Никто не успел помешать Малявке Лэмбу. С неожиданным проворством грузный рыбак оказался рядом с Эми и сгреб девушку в охапку.

– Да я и тебя, стерву языкатую, скормлю этой зубастой падали, вслед за твоим дружком! – прошипел Ламберт ей в лицо, разя перегаром. – Только еще раз посмей… еще хоть раз…

Говоря, Ламберт раз за разом встряхивал девушку так, что у нее клацали зубы, а голова моталась из стороны в сторону – но тут тяжелая лапа капрала Джейкобса ухватила Малявку за шиворот.

– Поговори-ка лучше со мной, ублюдок, коли собрался распускать руки! – прорычал капрал обернувшемуся к нему Ламберту, и могучий удар отшвырнул рыбака в другой конец бара.

Этот крюк с правой в свое время принес Джейкобсу известность в определенных кругах и прозвище «Ядерный Джи-Ай».

Ламберт пролетел спиной вперед футов десять, опрокидывая стулья, и тяжело грохнулся на стол, за которым сидел, уронив голову на руки, Плешак Абрахам.

И тут, казалось бы, спавший все это время Абрахам начал двигаться. Причем двигаться на удивление быстро и целеустремленно, чего никак нельзя было ожидать от безобидного пьянчужки.

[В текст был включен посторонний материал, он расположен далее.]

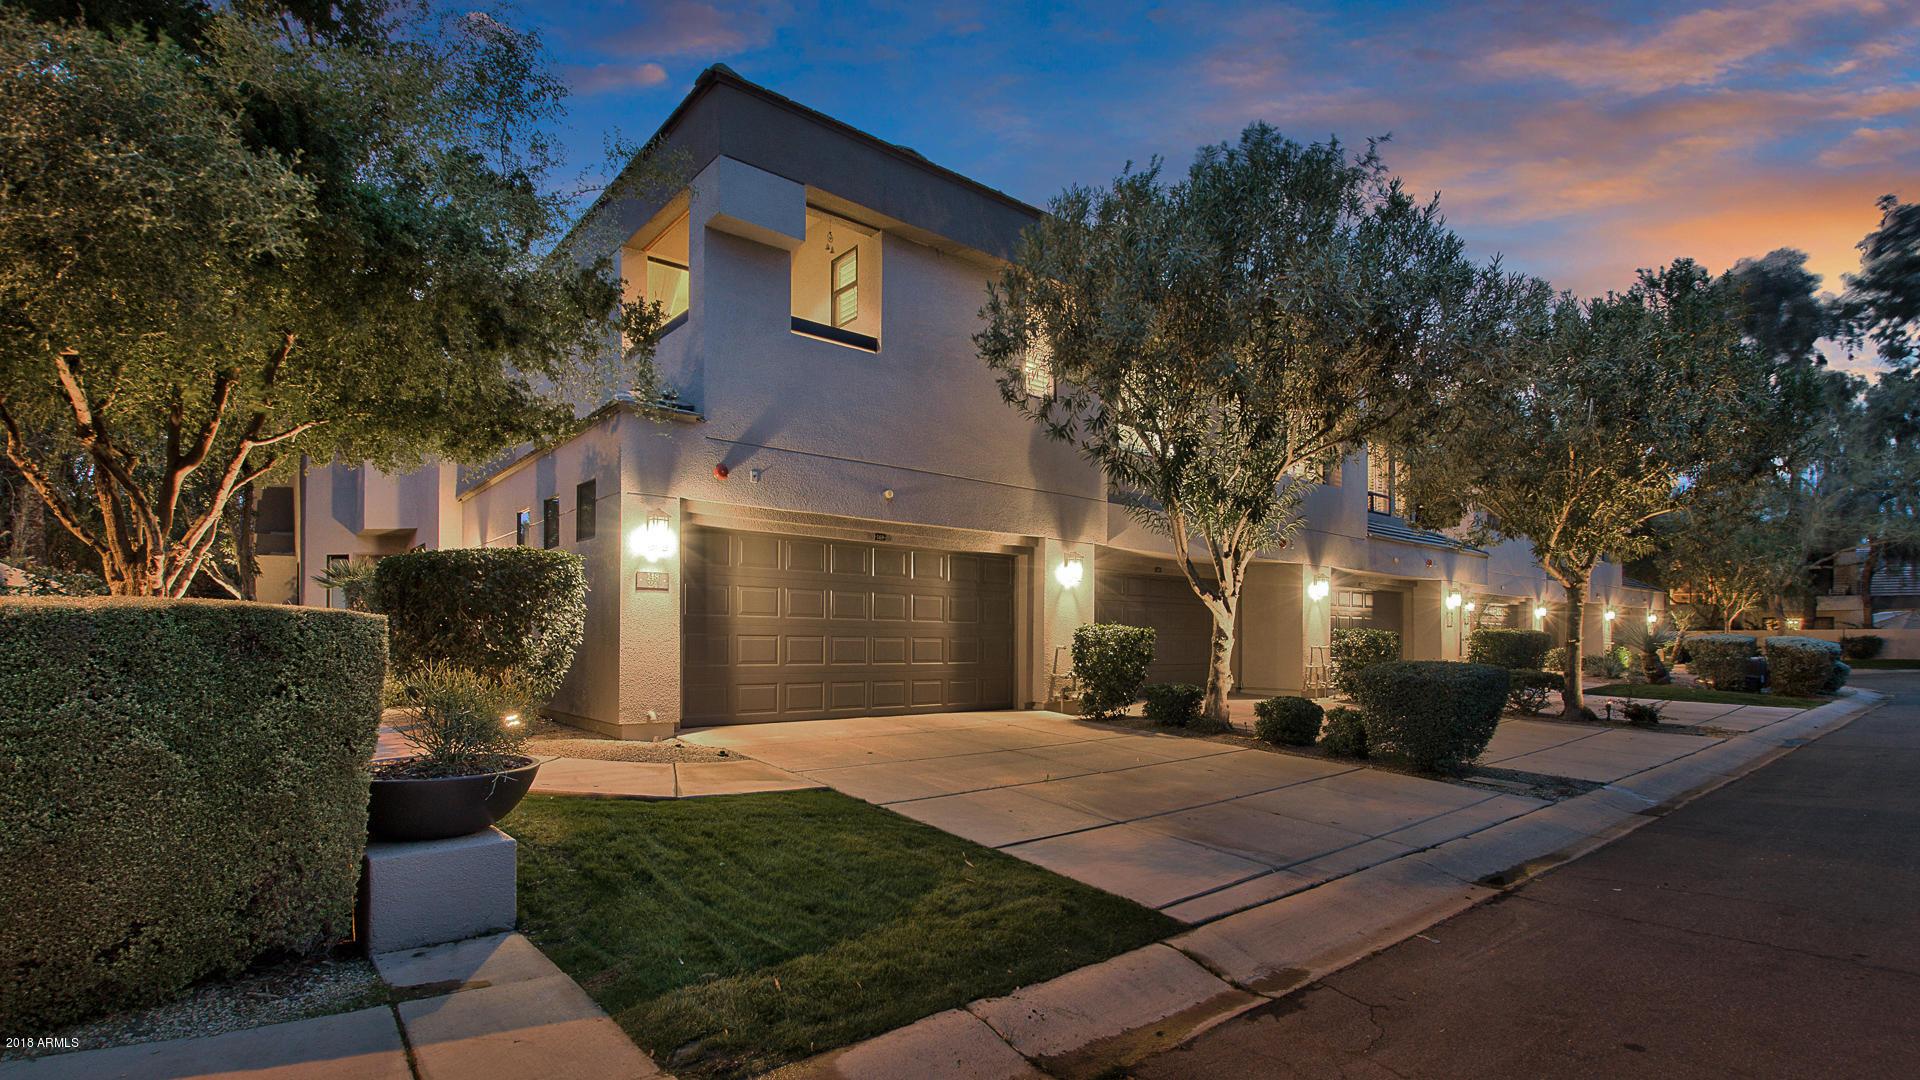 MLS 5856829 7400 E GAINEY CLUB Drive Unit 247, Scottsdale, AZ 85258 Scottsdale AZ Gainey Ranch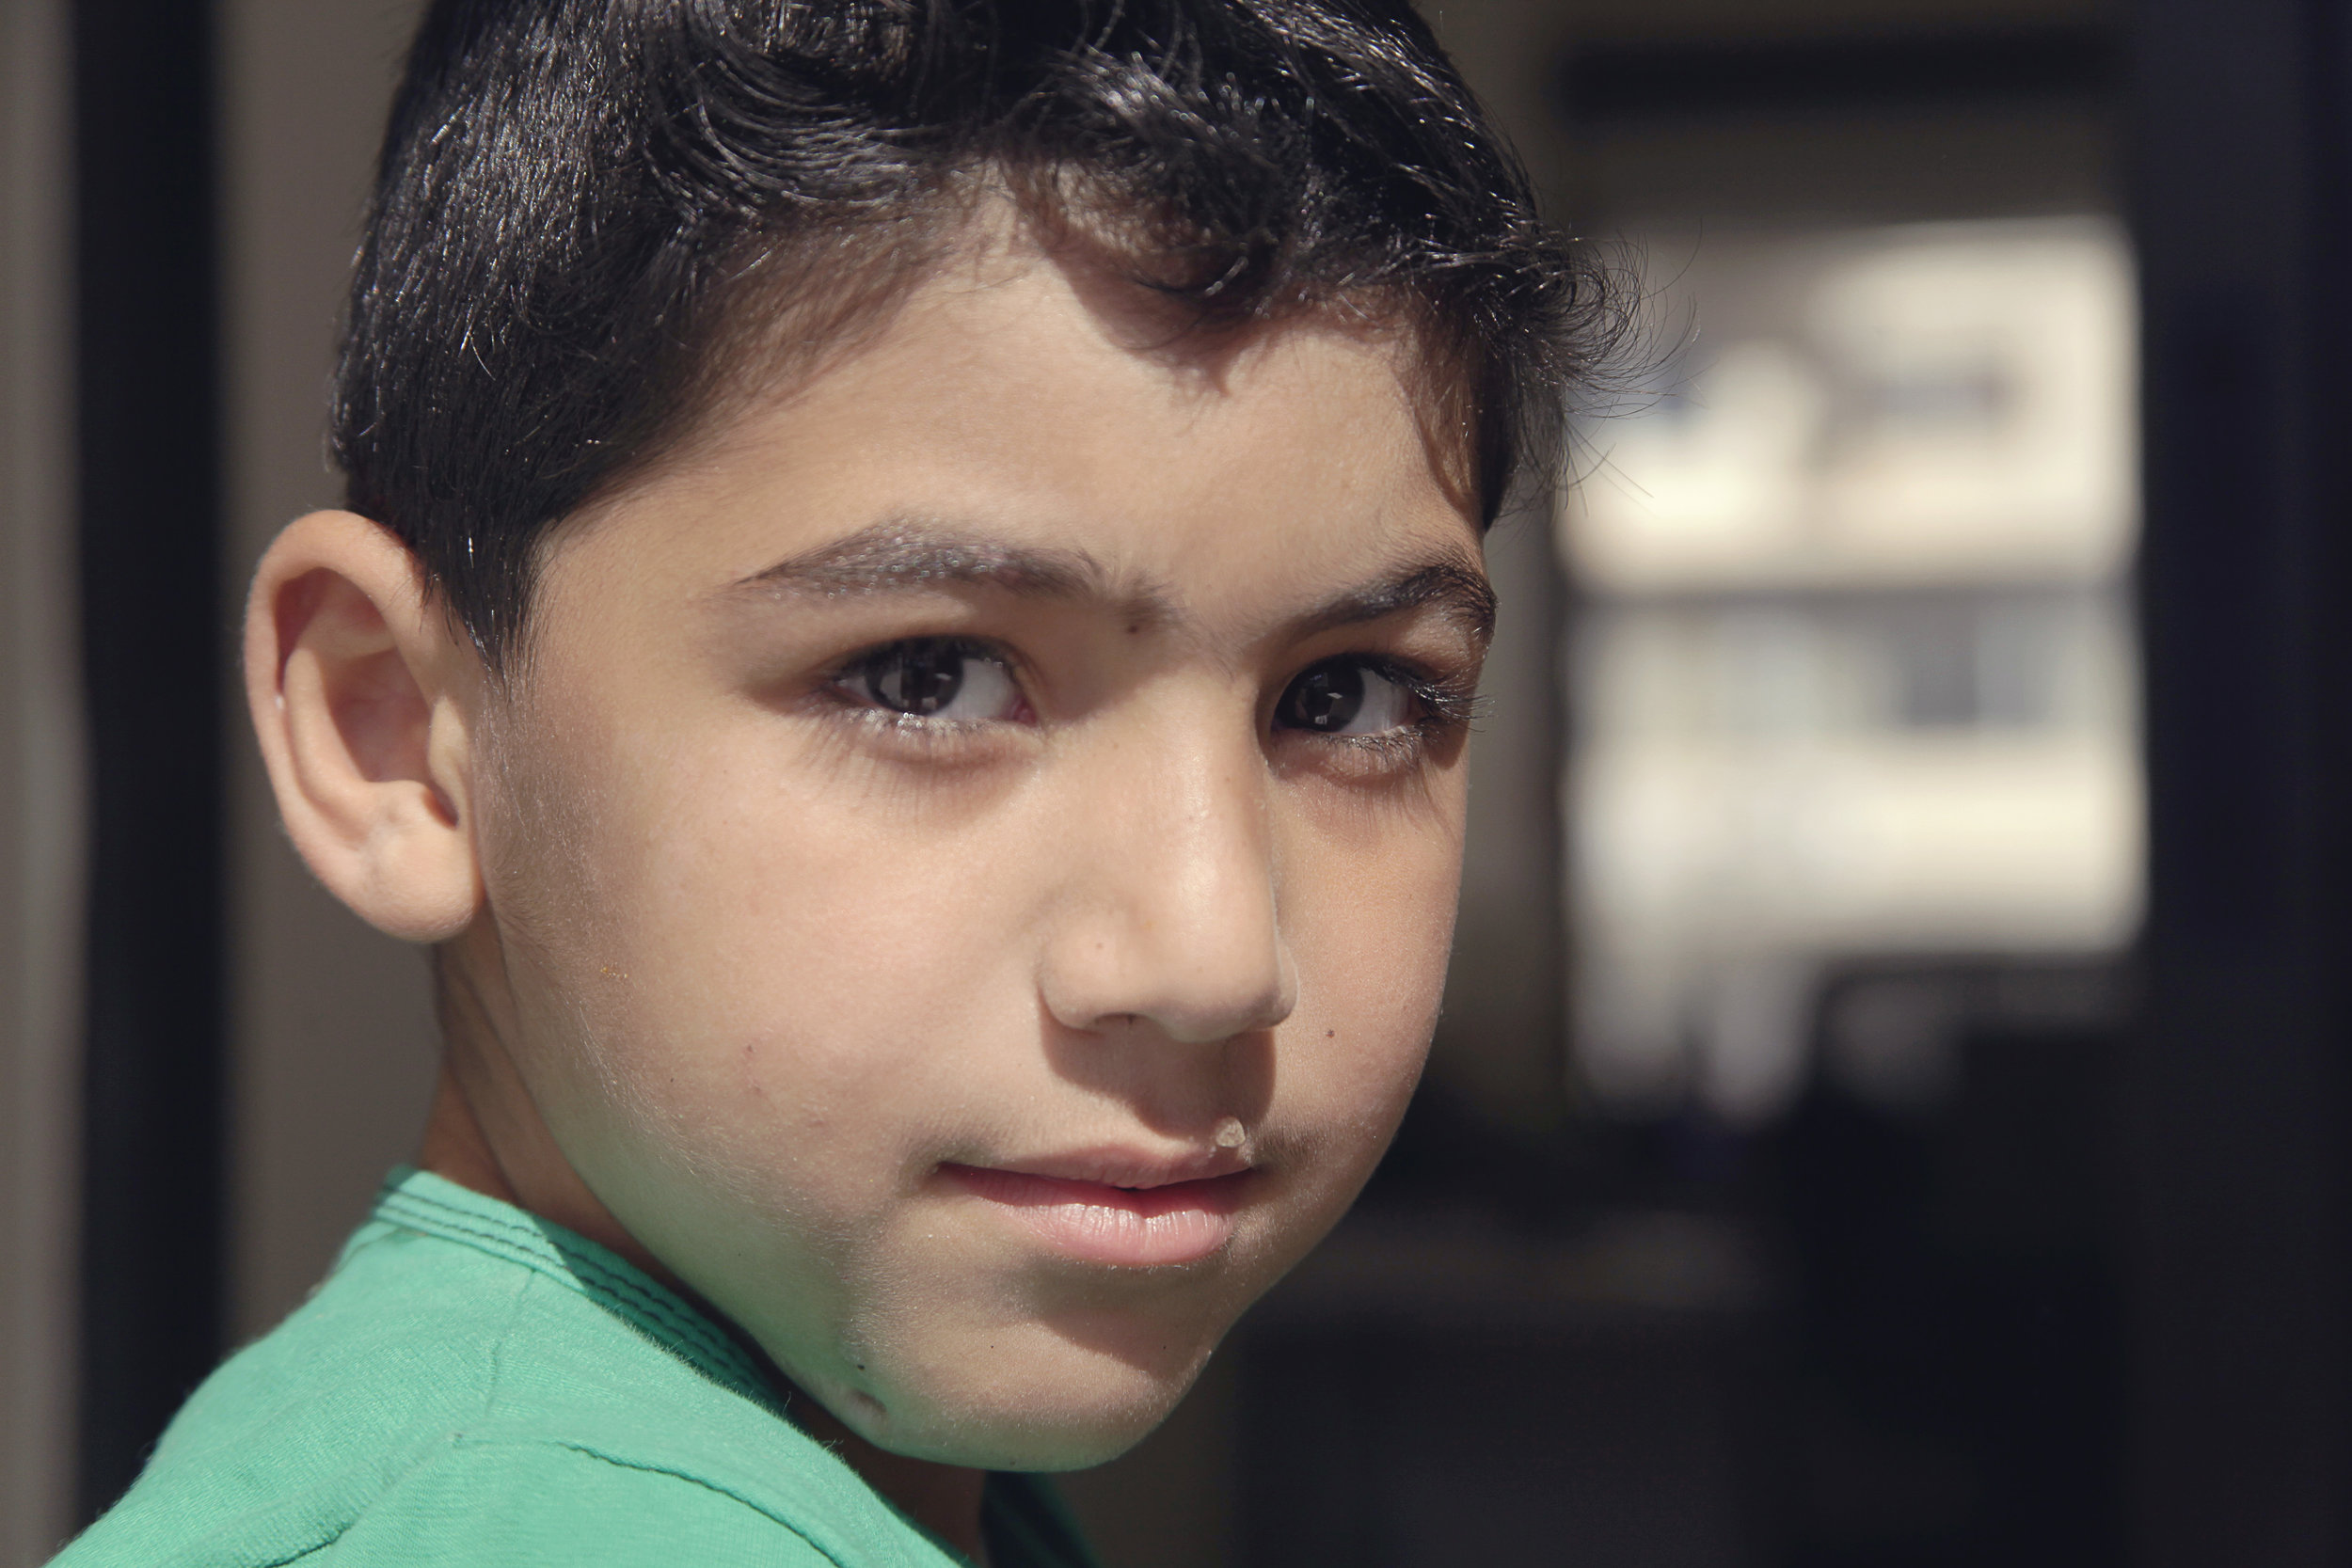 Ayyoub INARA Arwa Damon CNN Syrian refugee child

Правая рука Абрахама как бы сама собой опустилась на горлышко стоявшей рядом бутылки из-под дешевого виски; в следующее мгновение бутылка, описав короткую дугу, со звоном разлетелась вдребезги, ударившись о торчавший из стены кусок швеллера с крючками для верхней одежды – и отец погибшего Пола завис над медленно приходившим в себя Мак-Эвансом. В правой руке его сверкало бутылочное горлышко с острыми стеклянными клыками по краям.

– Это ты убил моего Пашку, гнида, – просто сказал Плешак Абрахам и одним движением перерезал Ламберту горло.

Впрочем, никто, кроме Эми, не понял сказанного – потому что Плешак Абрахам, Абраша Залесский из далекого, неизвестного стрим-айлендцам города, произнес это по-русски.

Зато все видели, как страшным вторым ртом раскрылось горло Малявки Лэмба, как толчком выплеснулась наружу вязкая струя, и как забулькал, задергался на столе рыбак, свалился на пол и через несколько секунд затих.

Кровавая лужа медленно растекалась по бару.

– Жаль. Слишком легкая смерть для подонка, – еле слышно прошептала Эми, оправляя измятое платье.

– Абрахам… ты меня слышишь, Абрахам?

Плешак Абрахам поднял взгляд от затихшего Ламберта и посмотрел на капрала. Бутылочное горлышко, отливающее багрянцем, он все еще сжимал в руке.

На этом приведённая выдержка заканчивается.